私は、この用途で良くカタカナを用います。「消極的な強調」とは私の造語です。それは、何らかの理由で漢字で書くのを避けたいときに、仮にひらがなで書いてみると、そのひらがなが前後のひらがなで埋もれてしまい、見づらくなることがあります(前後がひらがなですと必ず見づらくなります。私のこうして書いている文の中で敢えて「ひらがな」と書いていますが、ところによっては「平仮名」と書いた方が読み易いような箇所もあります。「ひらがな」という文字が「ひらがな文字列」の中で埋もれてしまうからです)。単語と単語の間にスペースがある英語と違ってこれは日本語の表記上の欠点です。
意図せずに見づらくなったひらがな表記をどうしようかと悩んだ挙句{あげく}の果{は}てに、漢字に戻すのではなく、カタカナで書いてみます。ひらがな列の中のカタカナですので、目立ちます。しかし、強調したくてカタカナにしたのではありません。要するに「消極的に強調する」ために用いたと言うしかありません。単に視認性を上げただけですが、それでも強調したと取られる不安は残っております。

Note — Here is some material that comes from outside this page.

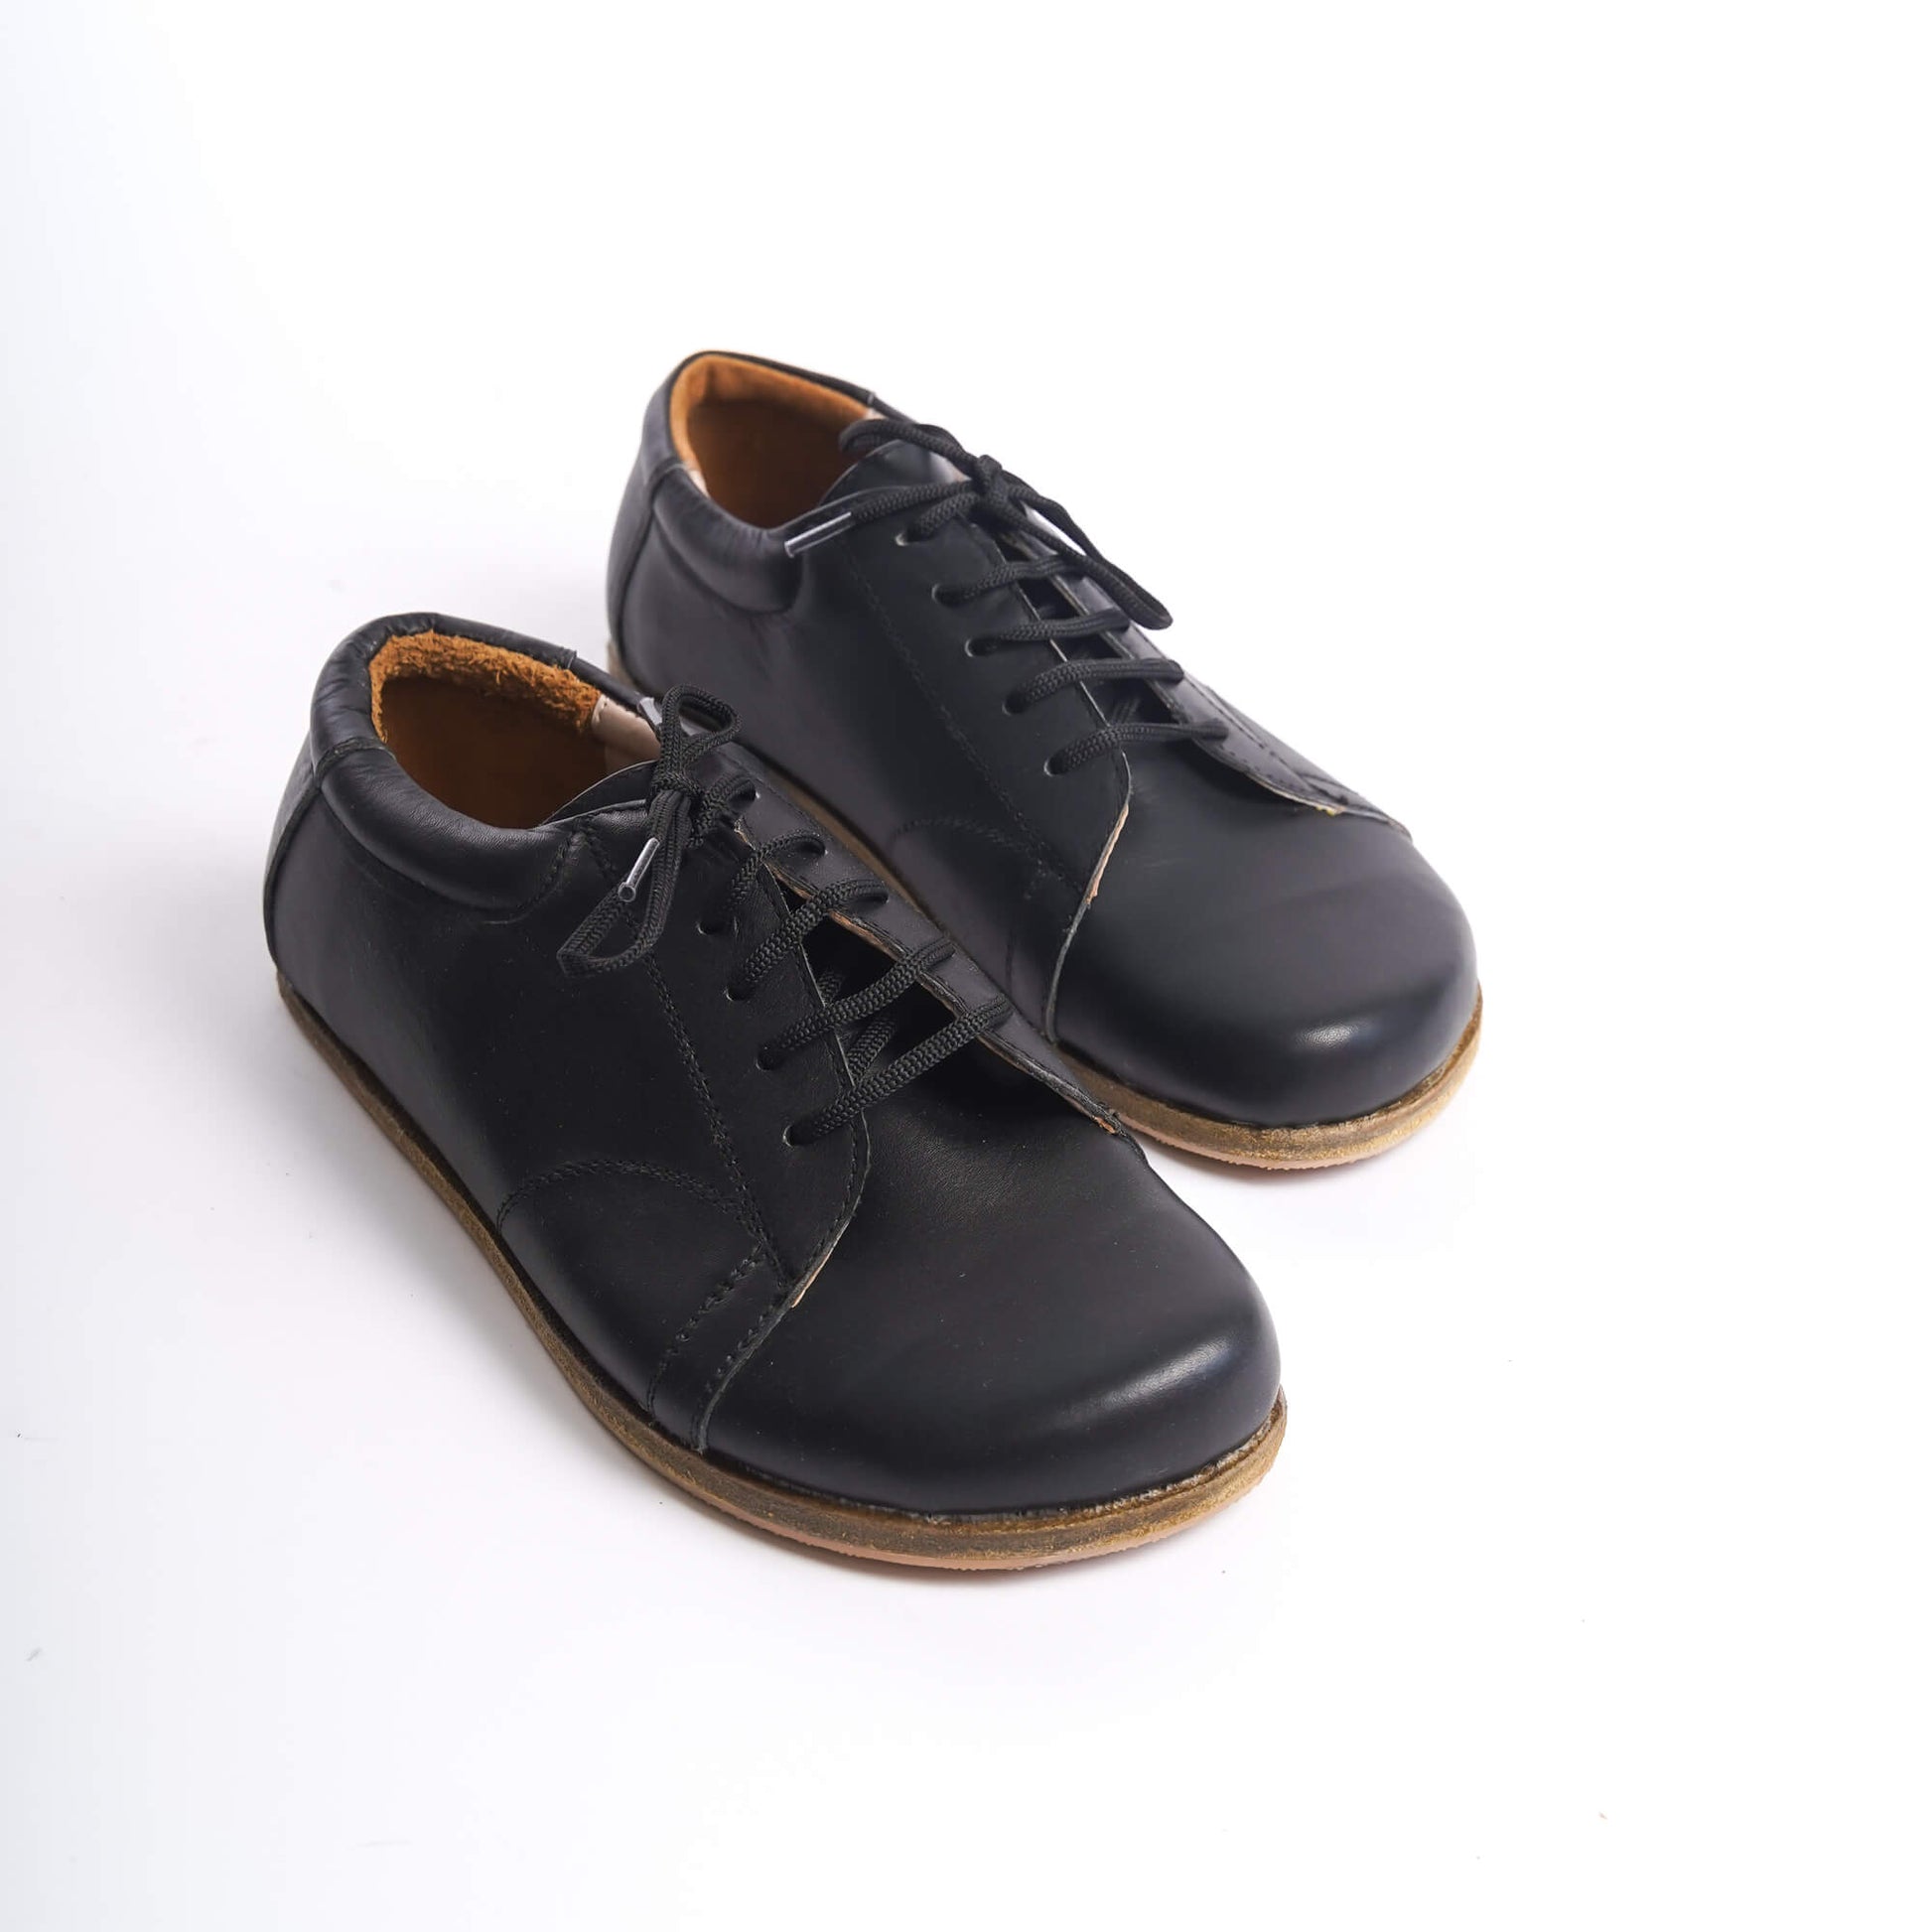 Black Lydia Leather Barefoot Women's Sneakers, close-up showcasing the classic design and quality leather.

カタカナは外来語とか擬音語とか動植物とかを書き表すときに用いられるような特別のニュアンスがありますので、そのニュアンスを避ける方法としてあとはどのような方法があるのでしょうか。今使う人は少ないですが、圏点という方法があります。これも何だかその文字列を強調しているようで嫌ですが、ひらがなで押し通そうとすると圏点を用いるのも別の解決策かも知れません。
因みに、圏点{けんてん} は、傍点{ぼうてん}とか脇点{わきてん}とも言われ、日本語を書き表す場合、文字の強調を行うときに、親文字{おやもじ}の脇または上下に付加する点のことです。
漢字でスパッと書いてしまえば楽ですが、読む人のことを考えるとそれもできないことが多々あります。そんなとき、一旦書いた文字列を見ながら、私は、普段次のような試行錯誤をしています。ワープロだからできる試行錯誤です。
泣きじゃくる振りをしてみた → 泣きじゃくるふりをしてみた → 泣きじゃくるフリをしてみた → 泣きじゃくる振(ふ)りをしてみた → 泣きじゃくるフリをしてみた → 泣きじゃくる振りをしてみた (私の思い:多分「振り」ってちゃんと読んでくれるだろうな。)
秋も深まると公園のいろどりも一段と → 秋も深まると公園のイロドリも一段と → 秋も深まると公園の彩も一段と → 秋も深まると公園の彩(いろどり)も一段と (私の思い:「彩」ではちゃんと読めないし、「いろどり」では色がイメージとして伝わらない。「イロドリ」では見た目がオドロオドロしい。ひらがなを付けて漢字で行こう。)